Refugee-Welcome-Villa wird zum Narrenhaus
Senta Berger, im wirklichen Leben die Mutter des Regisseurs Verhoeven, spielt in "Willkommen bei den Hartmanns" eine pensionierte Lehrerin namens Angelika. Sie beschließt, einen afrikanischen Flüchtling im schönen Haus ihrer Familie in der Münchner Vorstadt einzuquartieren. Schließlich steht ihr Arztgatte (Heiner Lauterbach) meistens im OP, und ihre Kinder, eine verstrahlte Studentin (Palina Rojinski) und ein als Bonzenanwalt arbeitender Karrierist (Florian David Fitz), sind längst ausgezogen.
Das ändert sich allerdings schnell, als der aus Nigeria stammende Asylbewerber Diallo (Eric Kabongo) nach einem Flüchtlings-Casting im Wohnzimmer der Hartmanns ein Zimmer im Keller der Villa bewohnen darf. Plötzlich zappelt die ganze Großfamilie samt Angelikas zwölfjährigen Enkelsohn (er ist der Sohn des Top-Anwalts aus einer kaputten Ehe) ständig aufgeregt um den Neuankömmling aus Afrika herum - und verwandelt die Refugee-Welcome-Villa im Reichenviertel in ein Narrenhaus.
Leicht dämliche Polizisten lassen eine Überwachungsdrohne über der Hartmann-Villa kreisen; eine hippieske Ex-Kollegin Angelikas stürmt mit einer Meute von Party- und Drogen-Irren zu einer Überraschungsparty zu Ehren des braven Diallo in Wohnzimmer und Garten; Angelika selbst träumt von einem durch IS-Soldaten besetzten München, in dem Frauen beim Bäcker vollverschleiert um Brot anstehen müssen.
Es gibt eine Menge grobschlächtige Scherze und einige bizarre Figuren in diesem Film mit Starbesetzung, in dem Elyas M`Barek einen Arztkollegen von Angelikas Mann spielt, der in seiner Freizeit als Sportlehrer mit jungen Flüchtlingen über die schönsten Isarbrücken joggt. Naturgemäß muss der Heldendarsteller M`Barek auch das Herz und die dicken Lippen von Palina Rojinski erobern.
Womöglich eines Tages ein historisches Dokument
"Willkommen bei den Hartmanns" ist ein holperiger Film. Das Drehbuch wirkt wie zusammengeschraubt aus bewährten Sketchen und politischen Kabarettnummern. Die stets durchsonnte Kuschelästhetik der Bilder erinnert an Til-Schweiger-Filme wie "Zweiohrküken" und zeigt ein deutsches Paradies wie aus der Fremdenverkehrswerbung: Seems it never rains in Southern Bavaria. Es passt ganz gut zur stets gut gemeinten Konfusion dieses Films, das auf den Plakaten, die ihn ankündigten, zunächst nur fünf der sechs im Bild gezeigten Hauptdarsteller mit Namen genannt wurden, weil man den von Eric Kabongo offenbar nicht prominent genug fand.

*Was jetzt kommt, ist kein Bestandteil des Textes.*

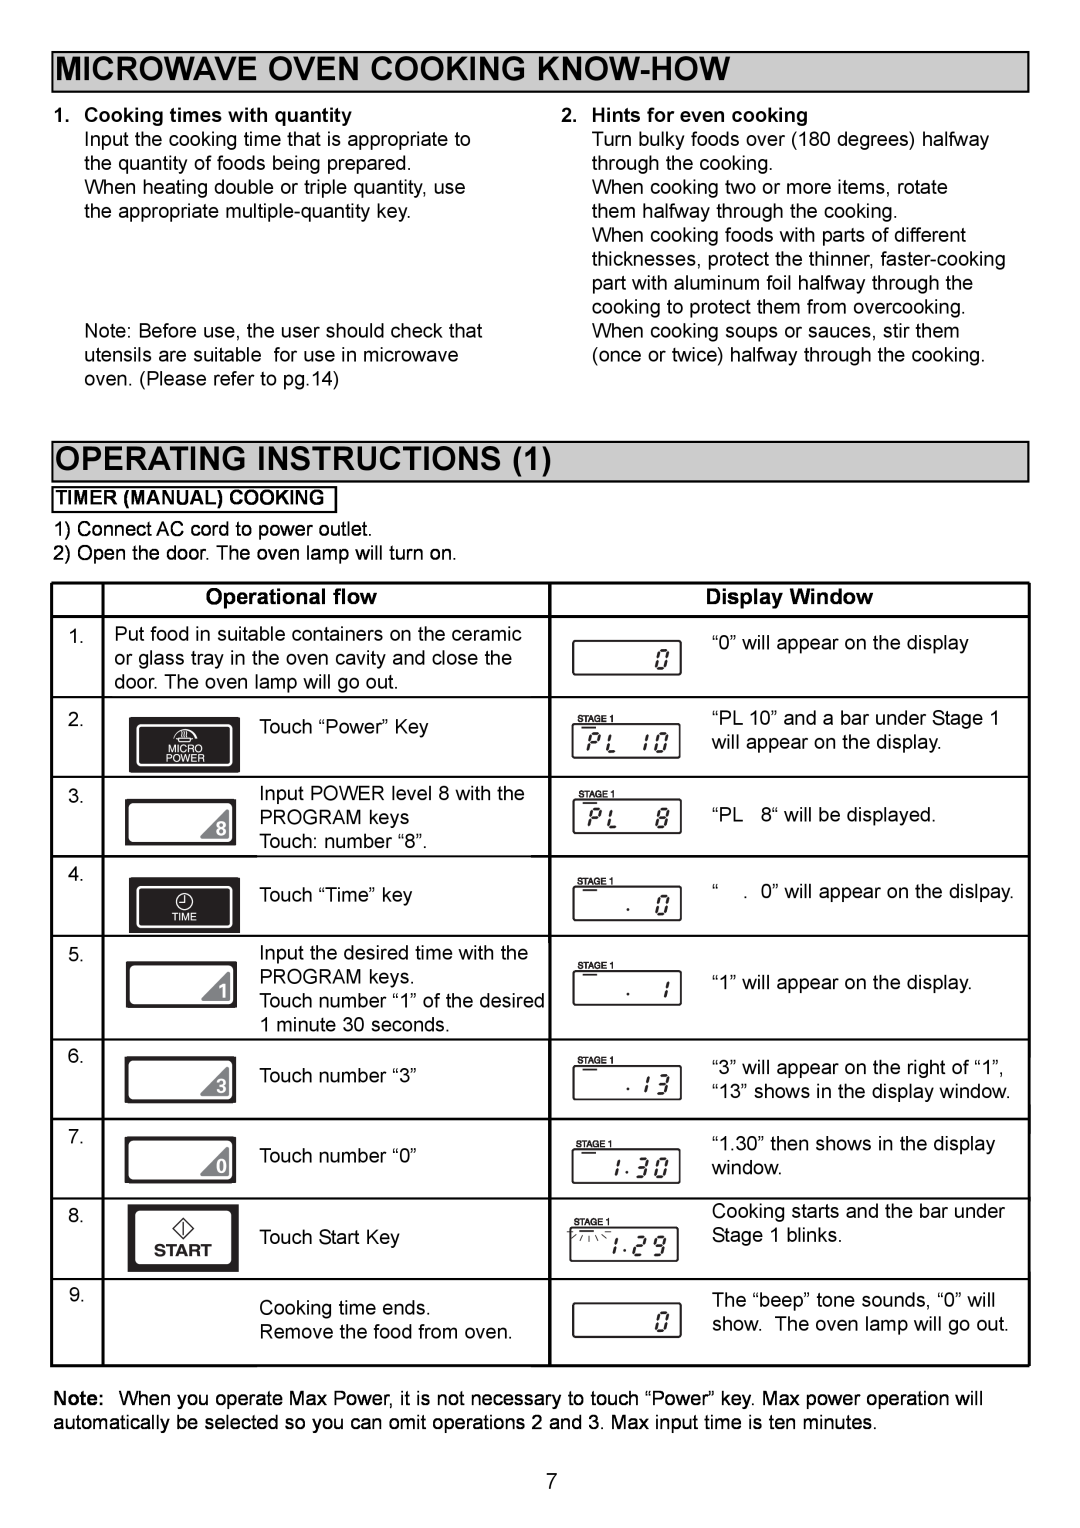 Sanyo EM-S1000 instruction manual Microwave Oven Cooking Know-How, Operating Instructions, Operational flow, Display Window

Zum Glück aber zeigt der Regisseur Verhoeven inmitten des erst allmählich auf Touren kommenden komödiantischen Irrsinns auch einen beachtlichen Willen zum Realismus. Vor Schulkindern in der Klasse von Angelikas Enkel schildert Diallo sehr eindringlich, wie seine Familie von Boko-Haram-Schlächtern ausgelöscht wurde. In der Asylbewerber-Unterkunft, aus der Diallo ins Haus der Hartmanns geholt wird, ist ein Container mit Hakenkreuzen beschmiert. Vor der Hartmannschen Villa postieren sich Pegida- und Nazi-Nachbarn. Im Lager agitiert einer der Flüchtlinge so lange als Ideologe des islamistischen Terrors, bis er verhaftet wird.
Im großen Durcheinander des Klamauks macht es die Stärke der Komödie "Willkommen bei den Hartmanns" aus, dass sie es mitunter tatsächlich schafft, sowas wie deutsche Zeitgeschichte abzubilden - und einem Massenpublikum den Spiegel vorzuhalten. Es ist nicht immer geschmackvoll, manchmal viel zu schön und manchmal unfassbar schrecklich, was das Publikum da zu sehen bekommt. Meistens aber ist es zum Lachen. Gut möglich, dass sich Schulkinder in einer weniger von Streit vergifteten Zukunft diesen Film mal als historisches Dokument im Geschichtsunterricht ansehen werden.